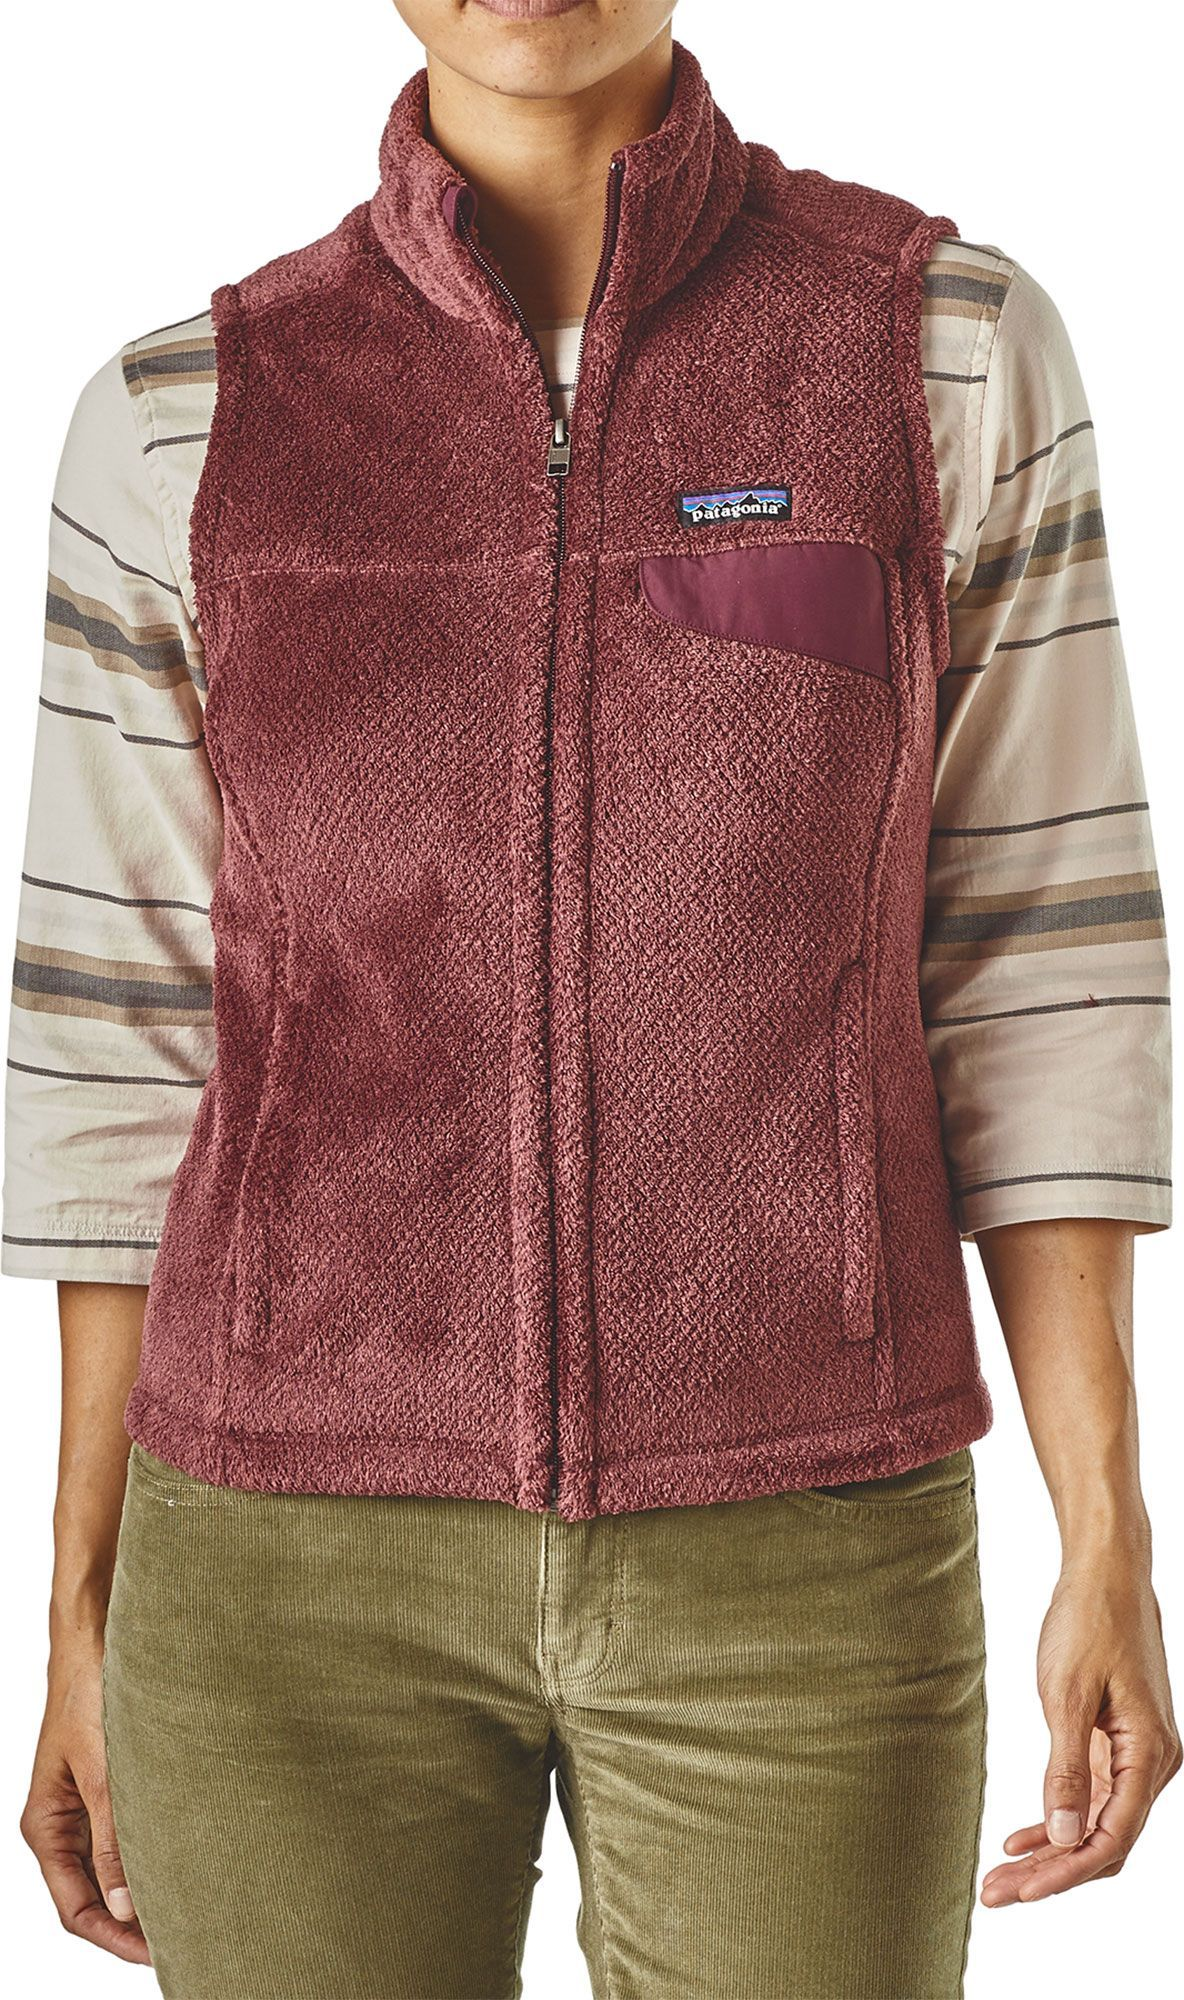 7af3785232c Patagonia Women s Re-Tool Fleece Vest
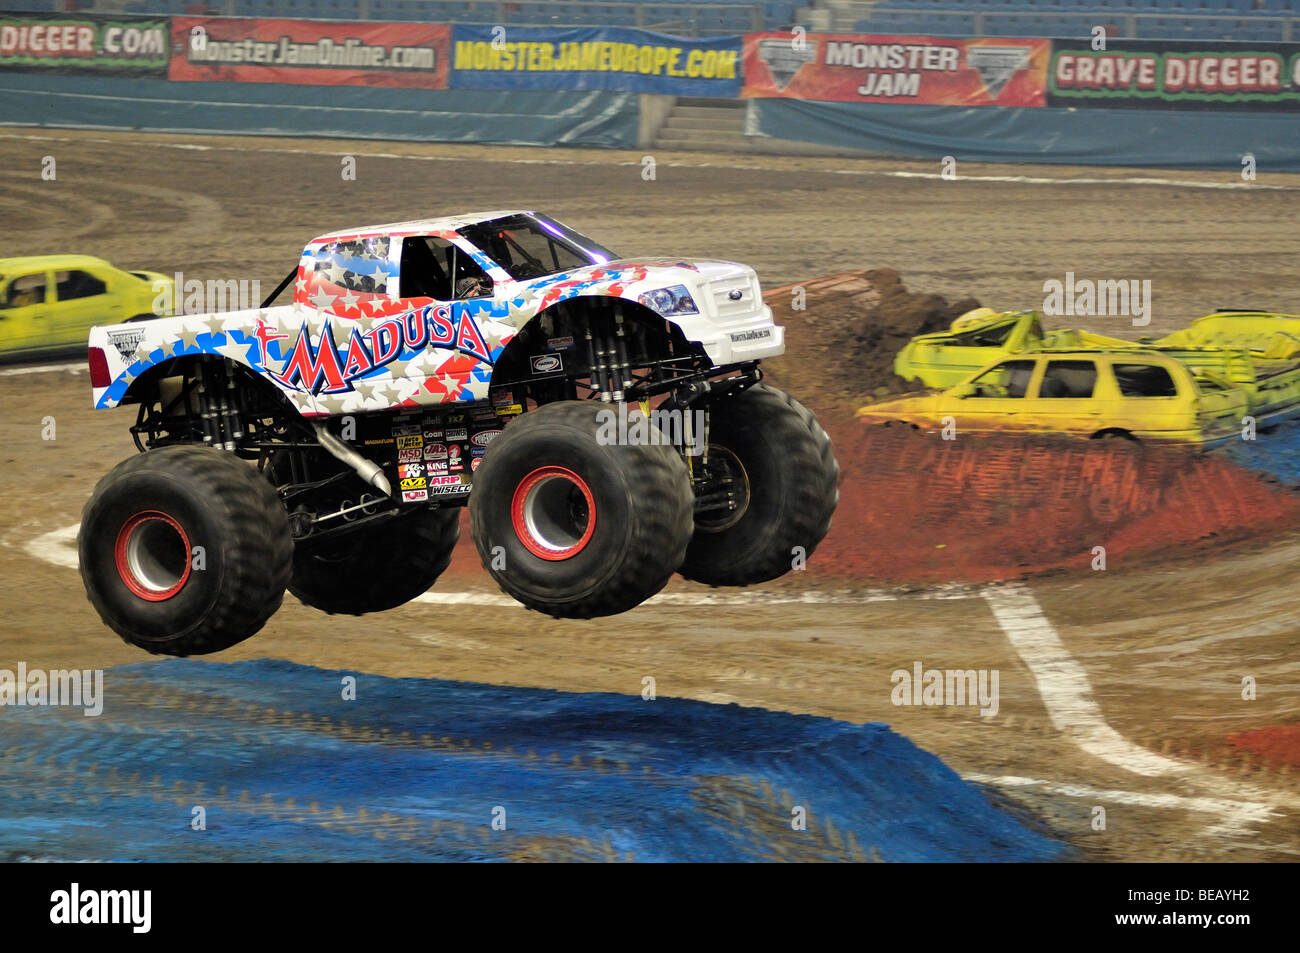 Monster Jam Madusa Stock Photo Alamy
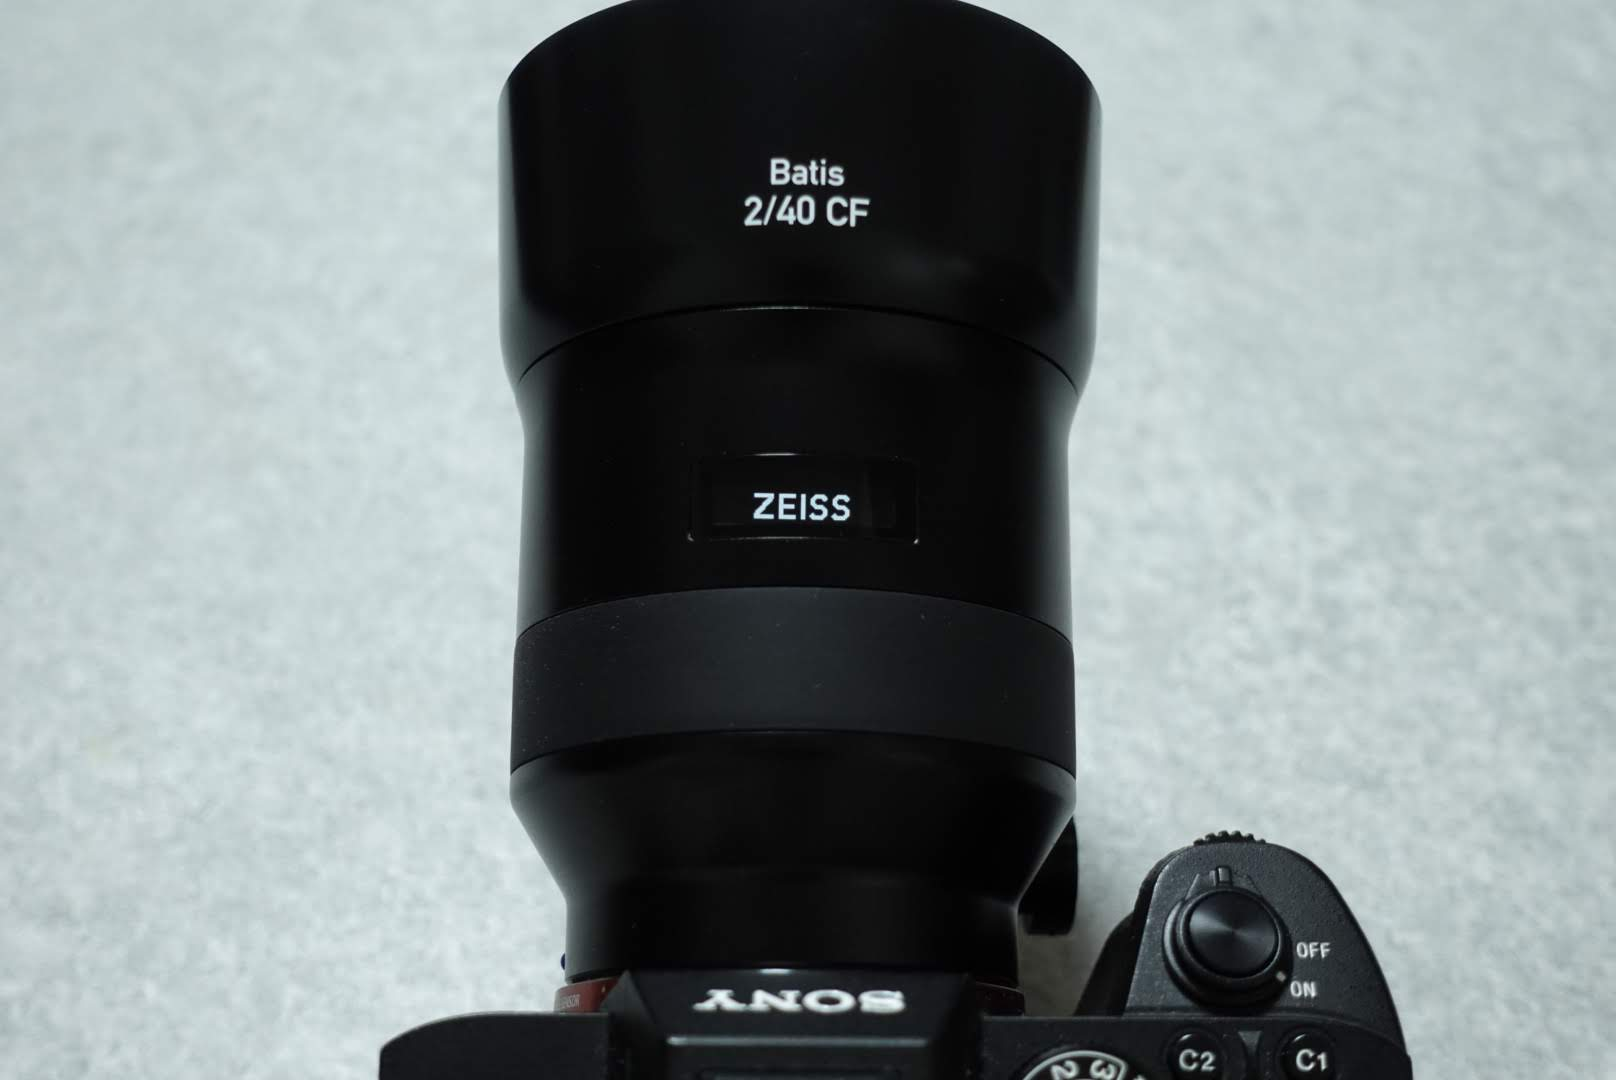 【SONY】Camera Technique Vol.13 CarlZeiss Batisシリーズの距離計
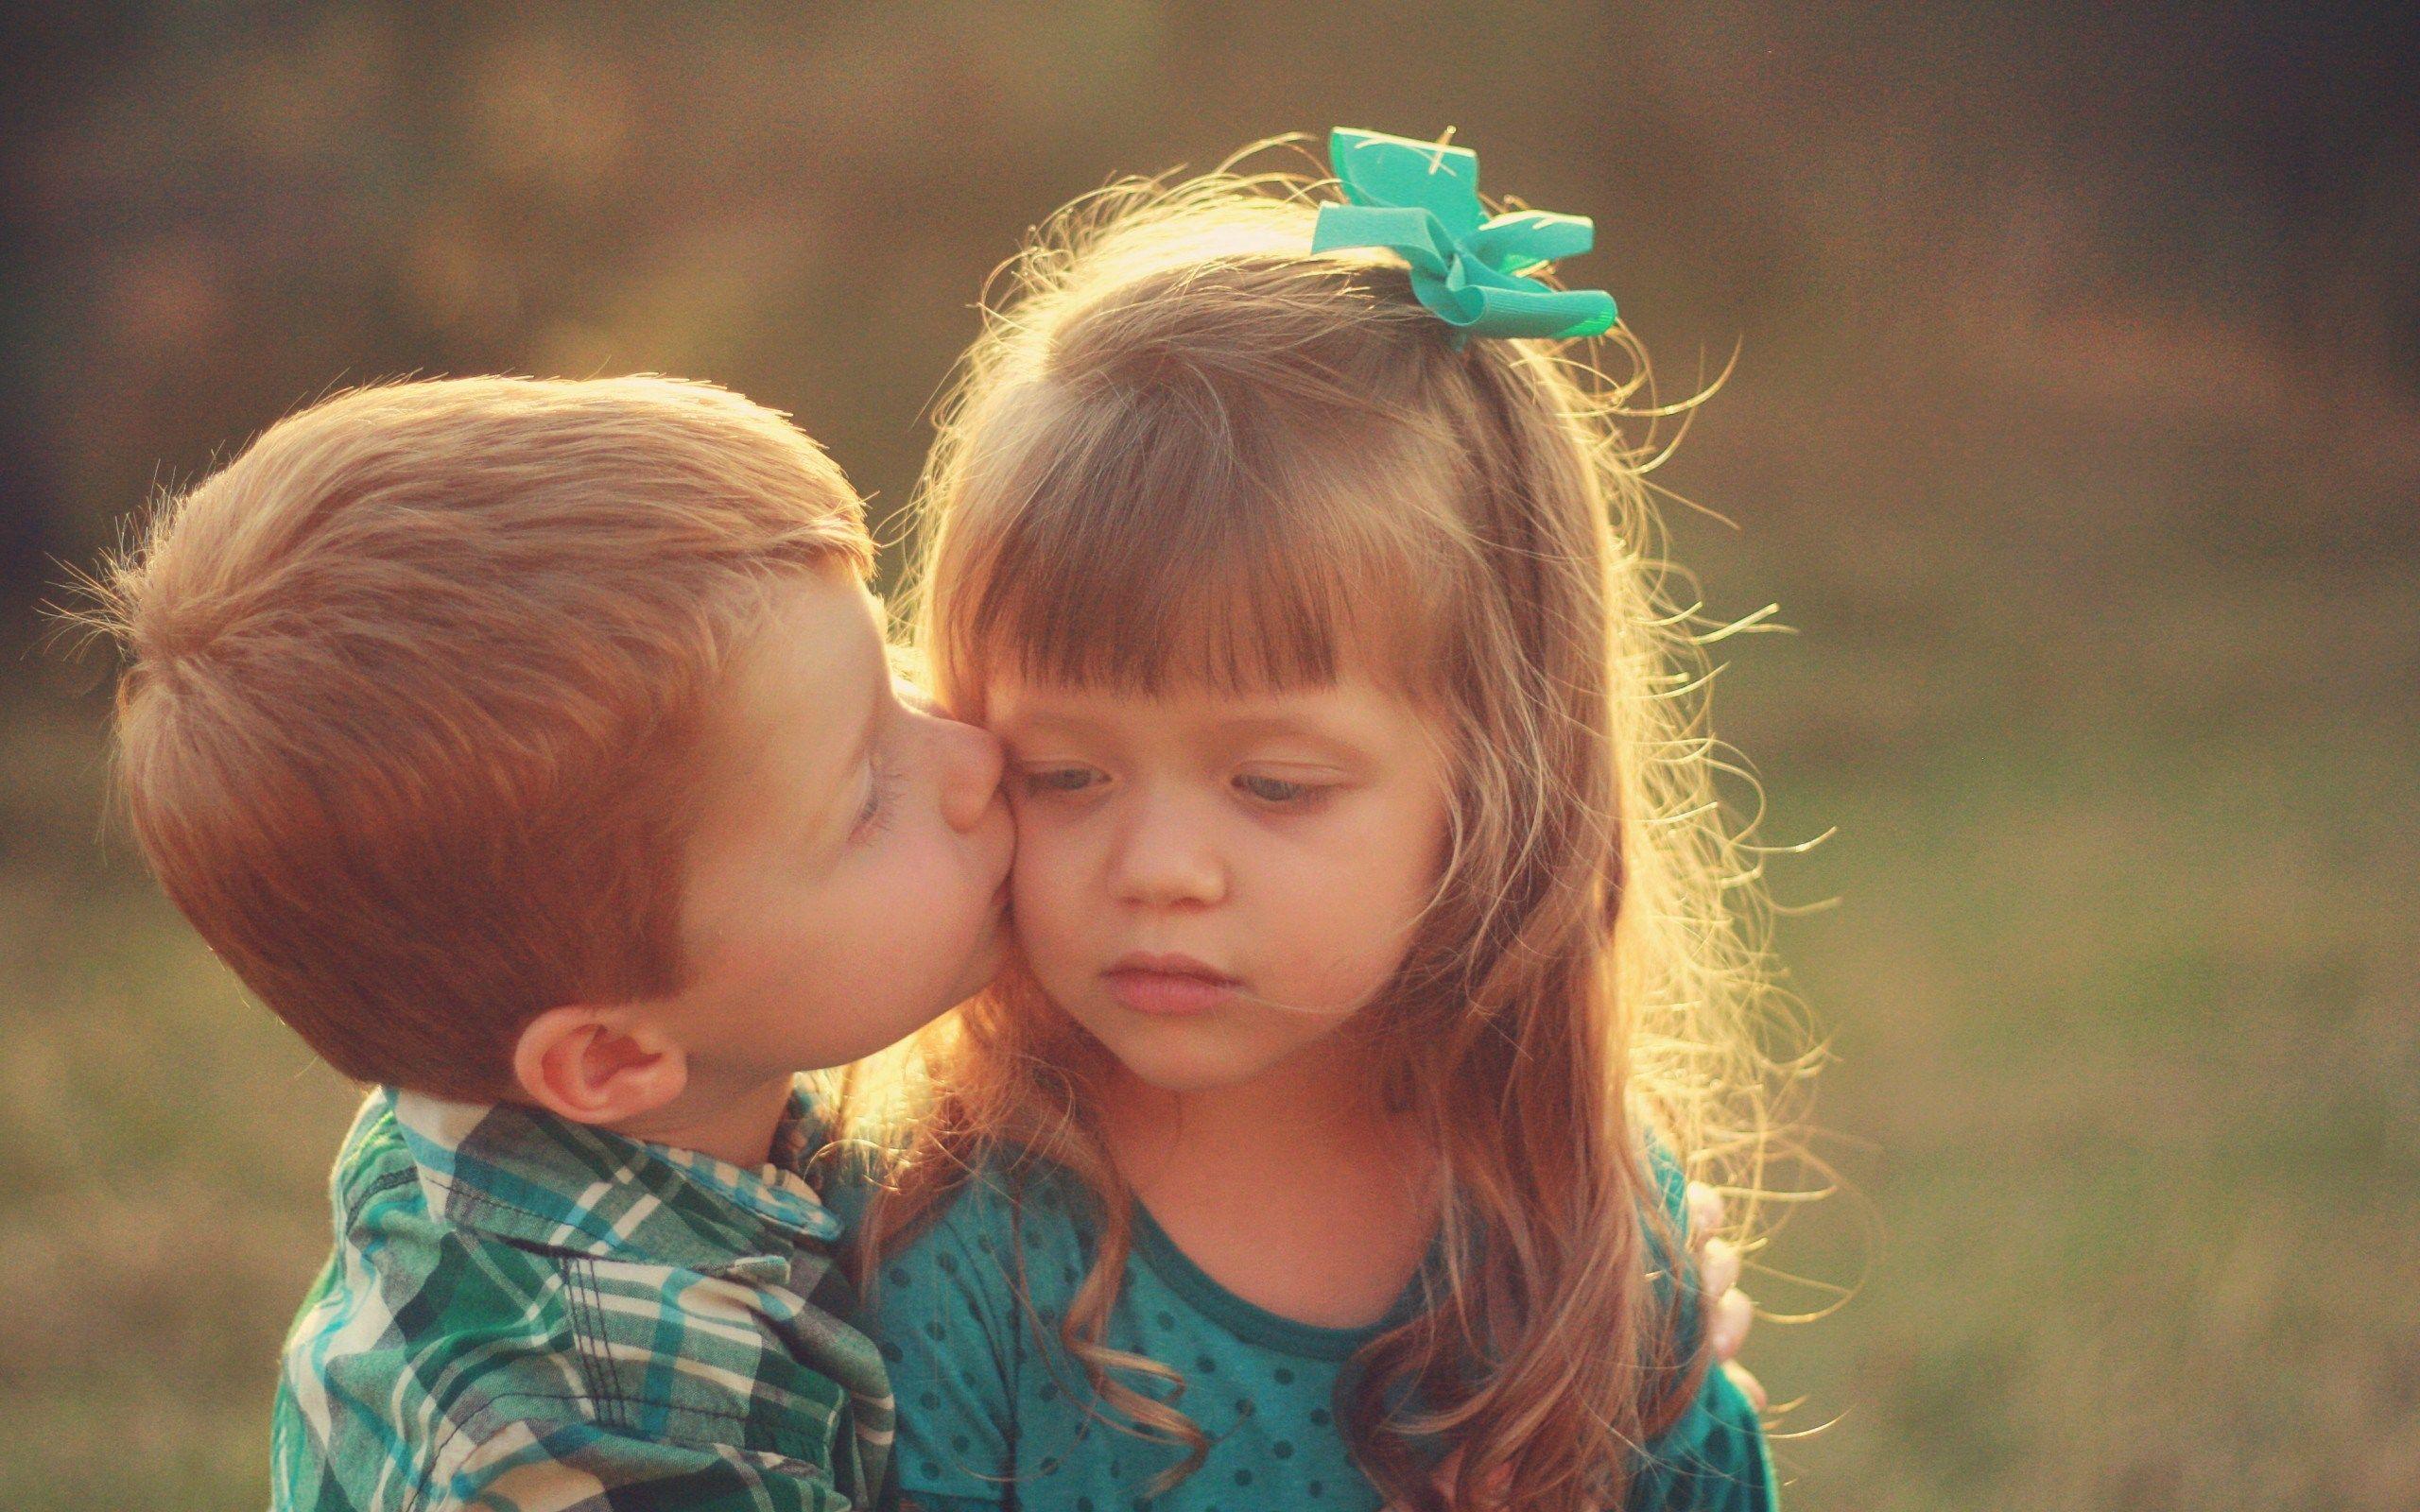 boy girl kiss wallpaper - sf wallpaper

──────────

Problem to work on> Copy the listing exactly but drop its images.

Result of this task>
 7af3785232c Patagonia Women s Re-Tool Fleece Vest
 Monster Jam Madusa Stock Photo Alamy
 【SONY】Camera Technique Vol.13 CarlZeiss Batisシリーズの距離計
 boy girl kiss wallpaper - sf wallpaper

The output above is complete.